--- Task prompt ---
Take the lines below from the one with "キタムラ・ホールディングス(9349)の経営指標等の推移(単独)" through the one with "Camels Cigarette Delivery" and retype them exactly. Include nothing else, and no pictures.

--- Supplied records ---
------------------------------

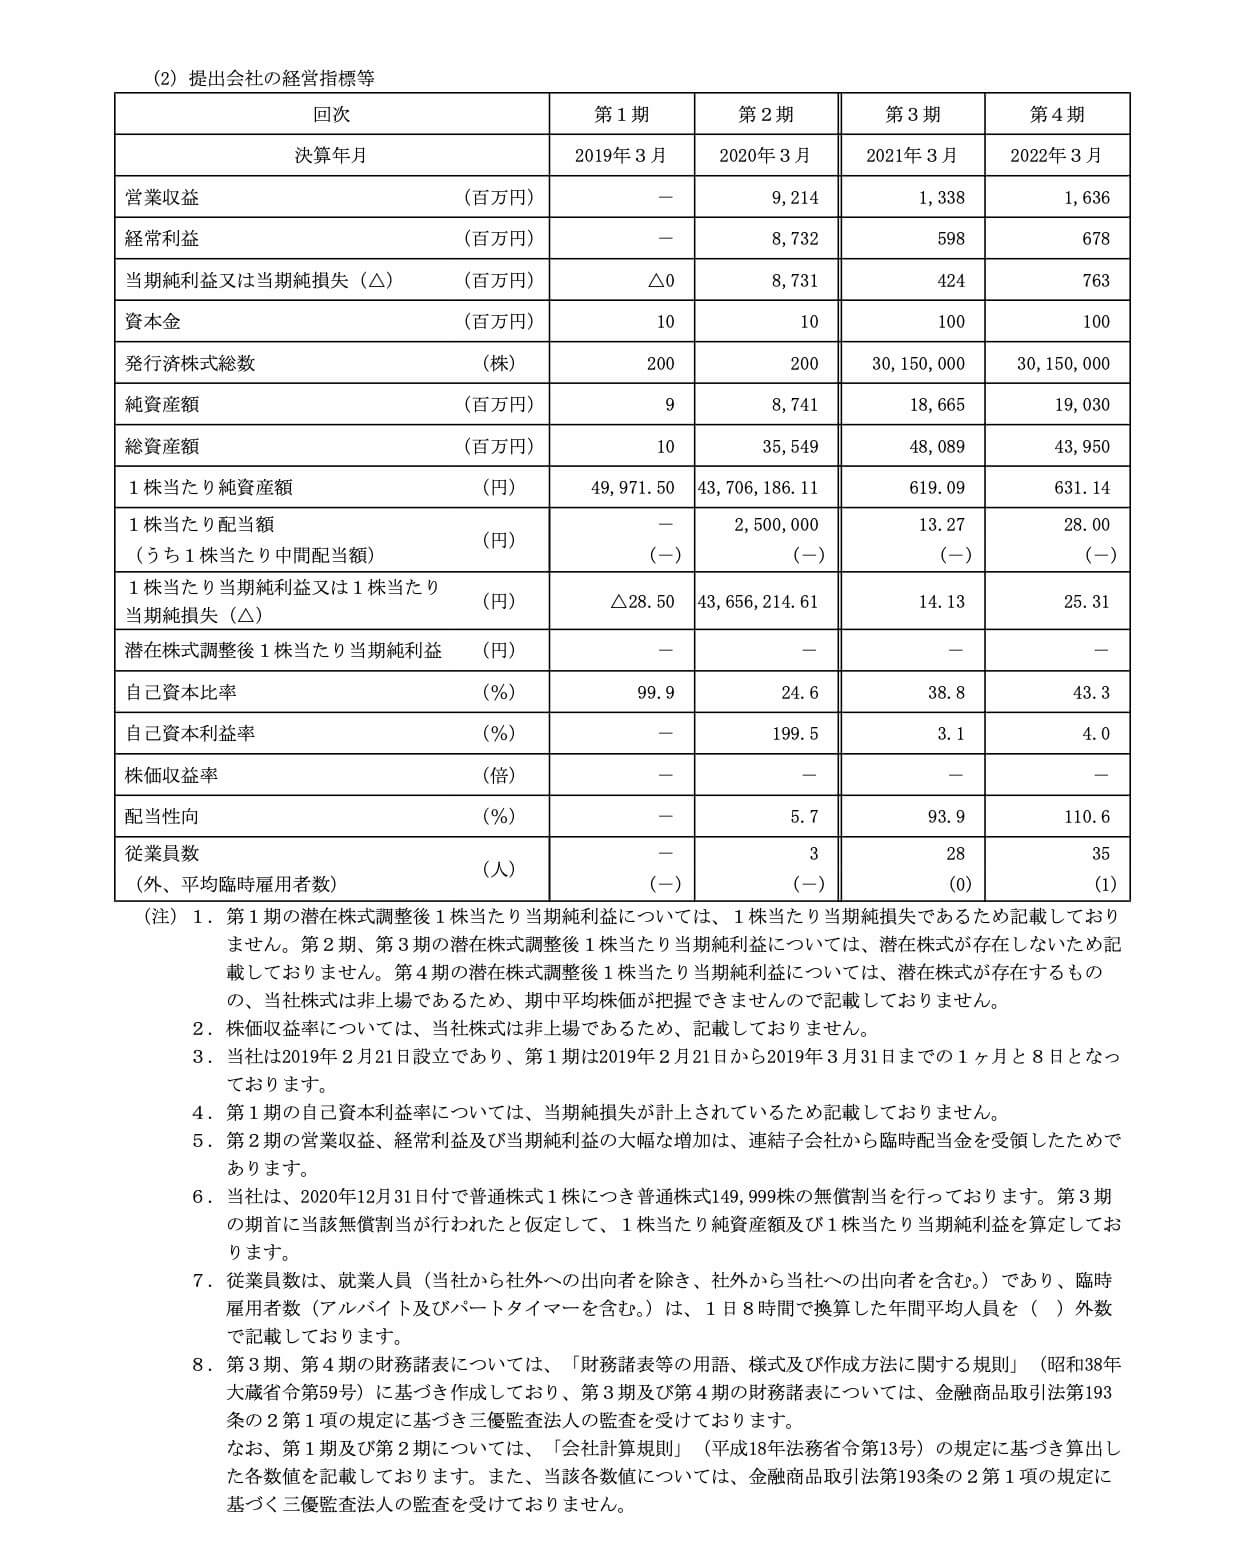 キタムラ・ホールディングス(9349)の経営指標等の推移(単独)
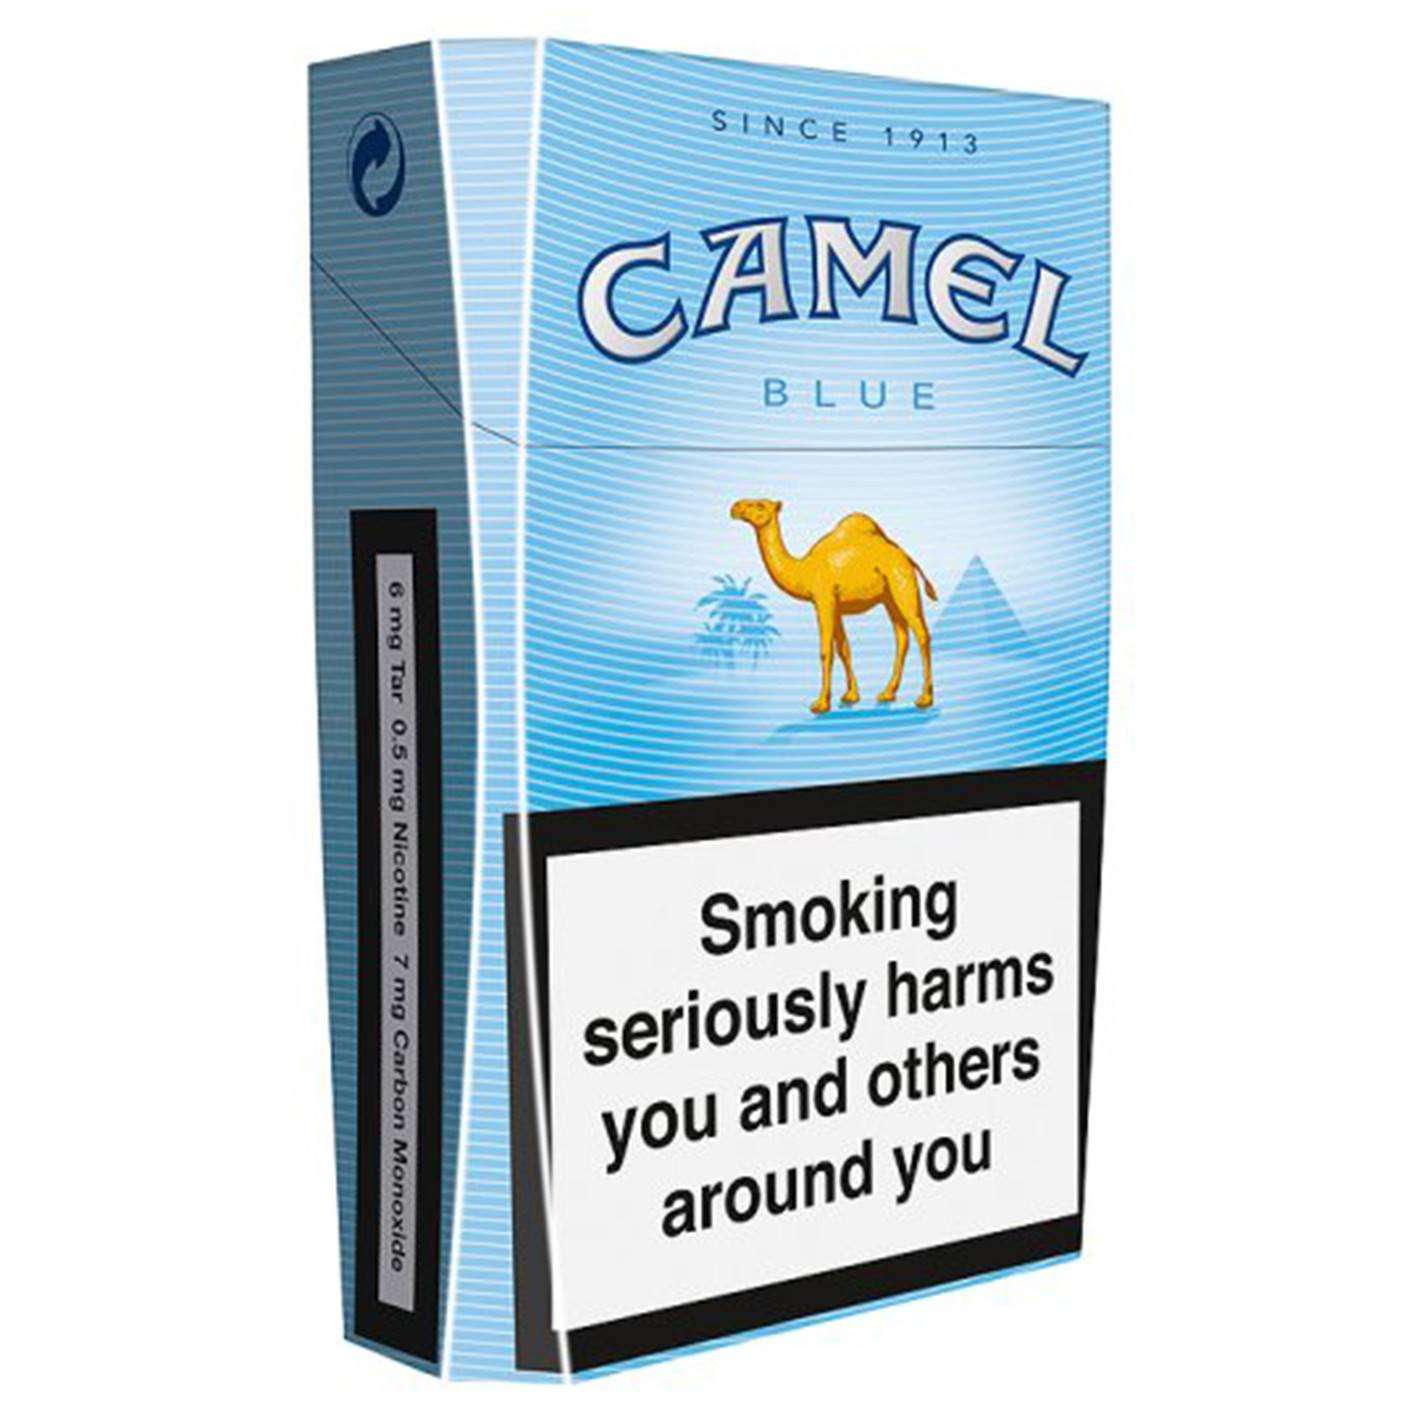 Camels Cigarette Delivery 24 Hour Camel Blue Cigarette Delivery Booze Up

------------------------------

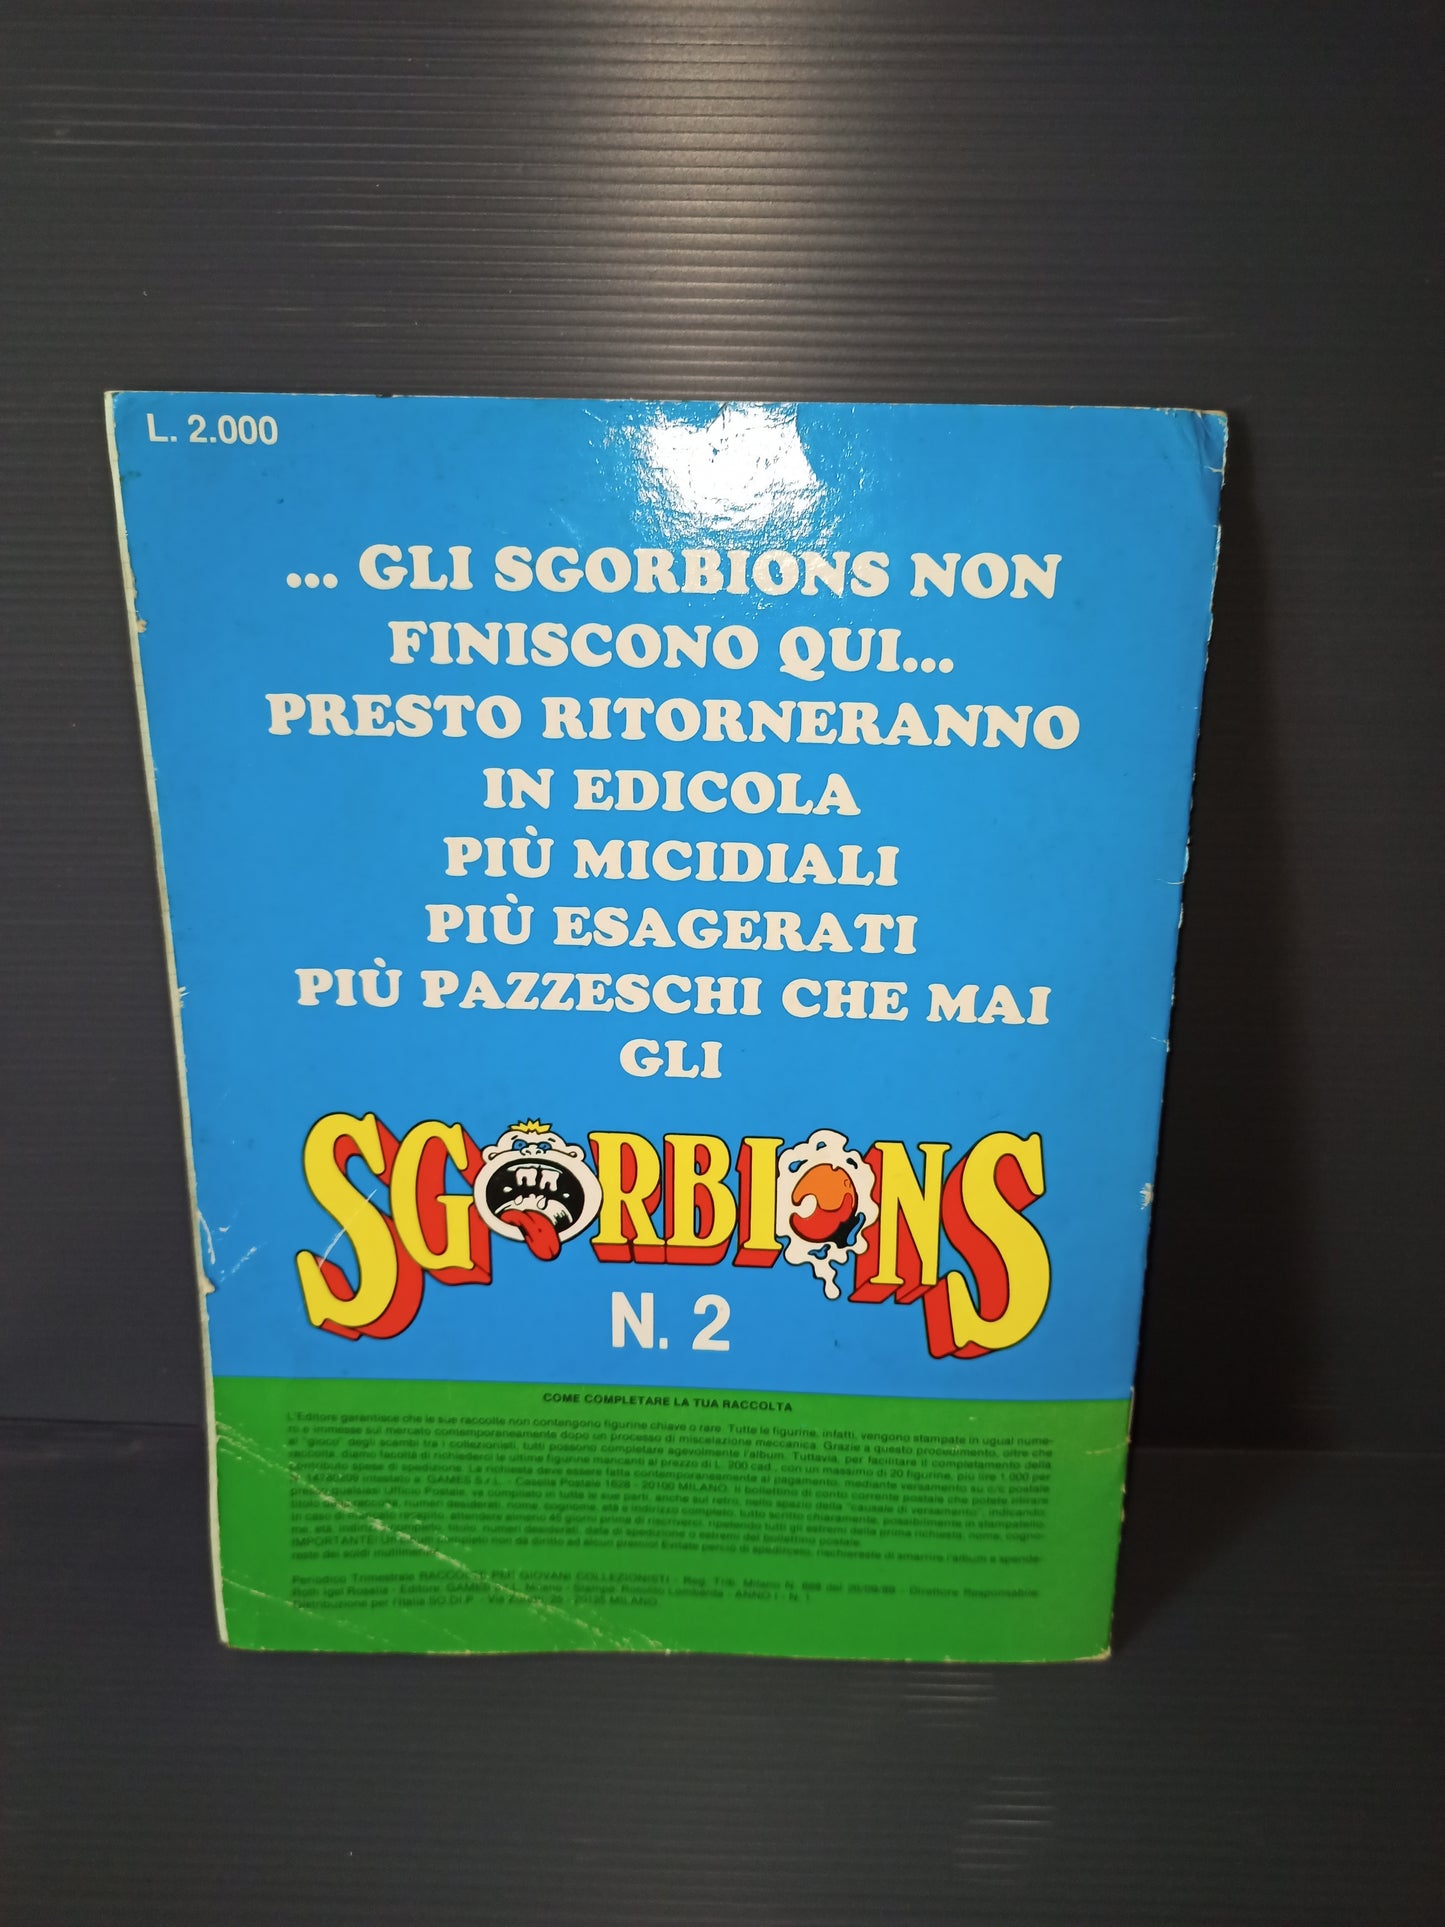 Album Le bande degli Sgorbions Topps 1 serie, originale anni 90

------------------------------

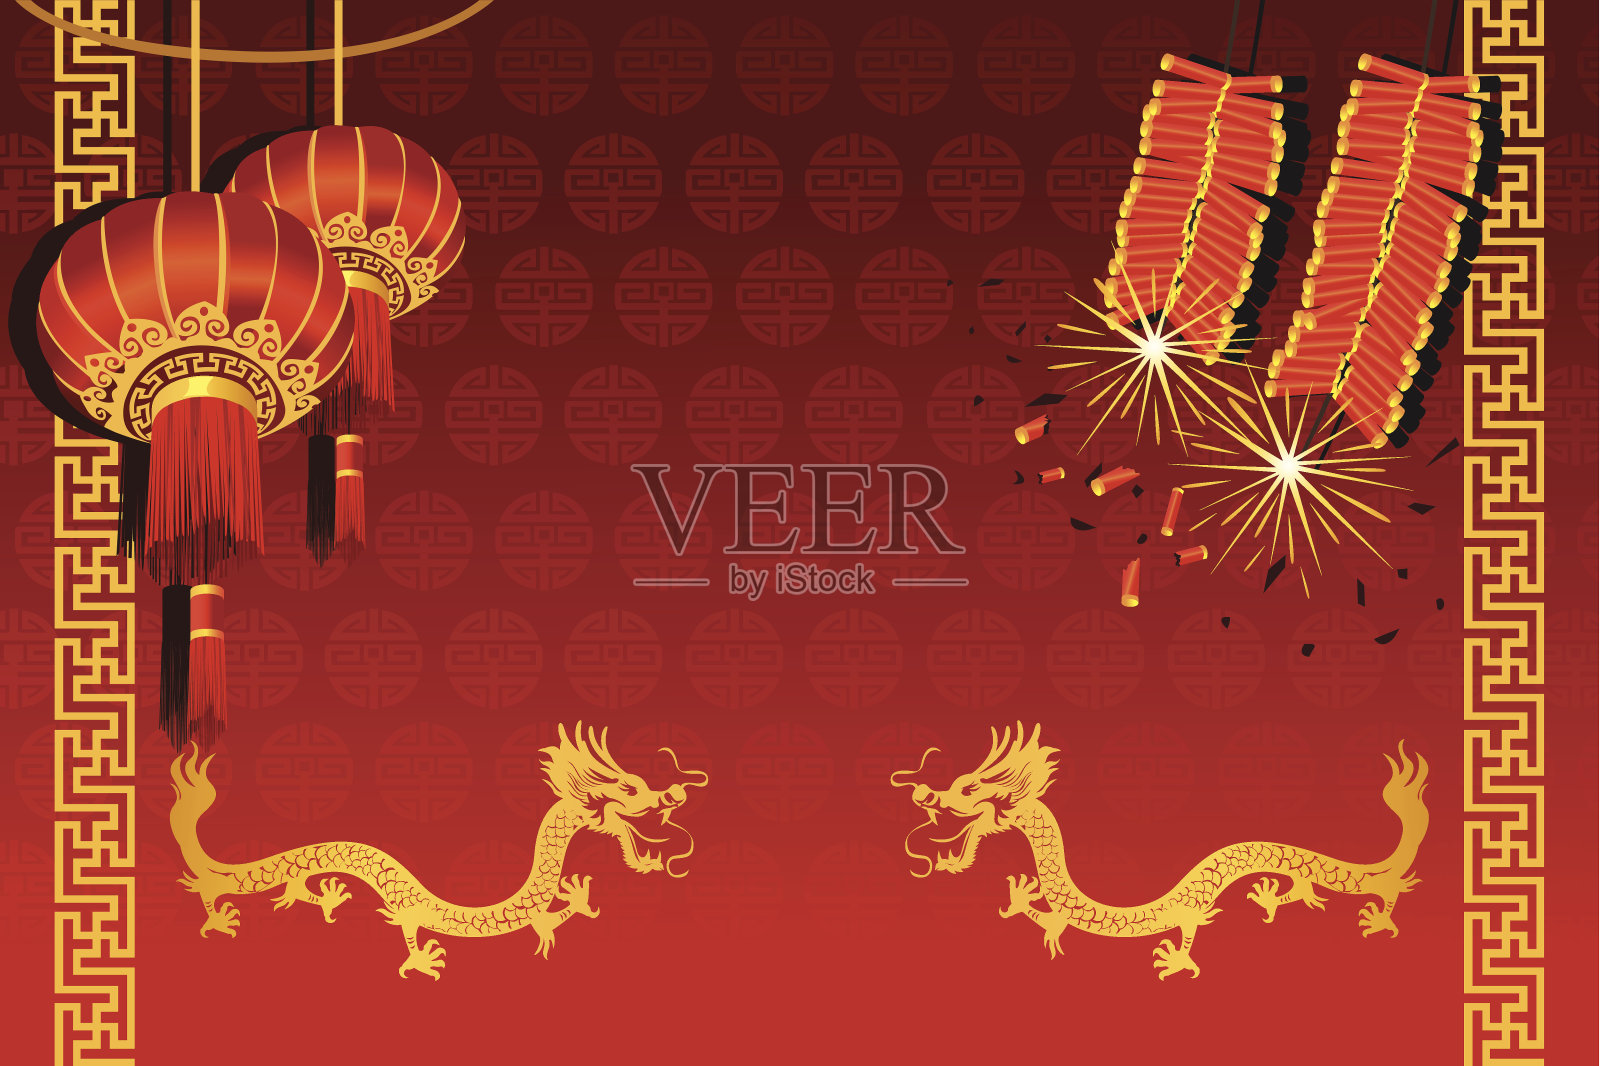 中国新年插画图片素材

------------------------------

--- Result for this task ---
 キタムラ・ホールディングス(9349)の経営指標等の推移(単独)
 Camels Cigarette Delivery 24 Hour Camel Blue Cigarette Delivery Booze Up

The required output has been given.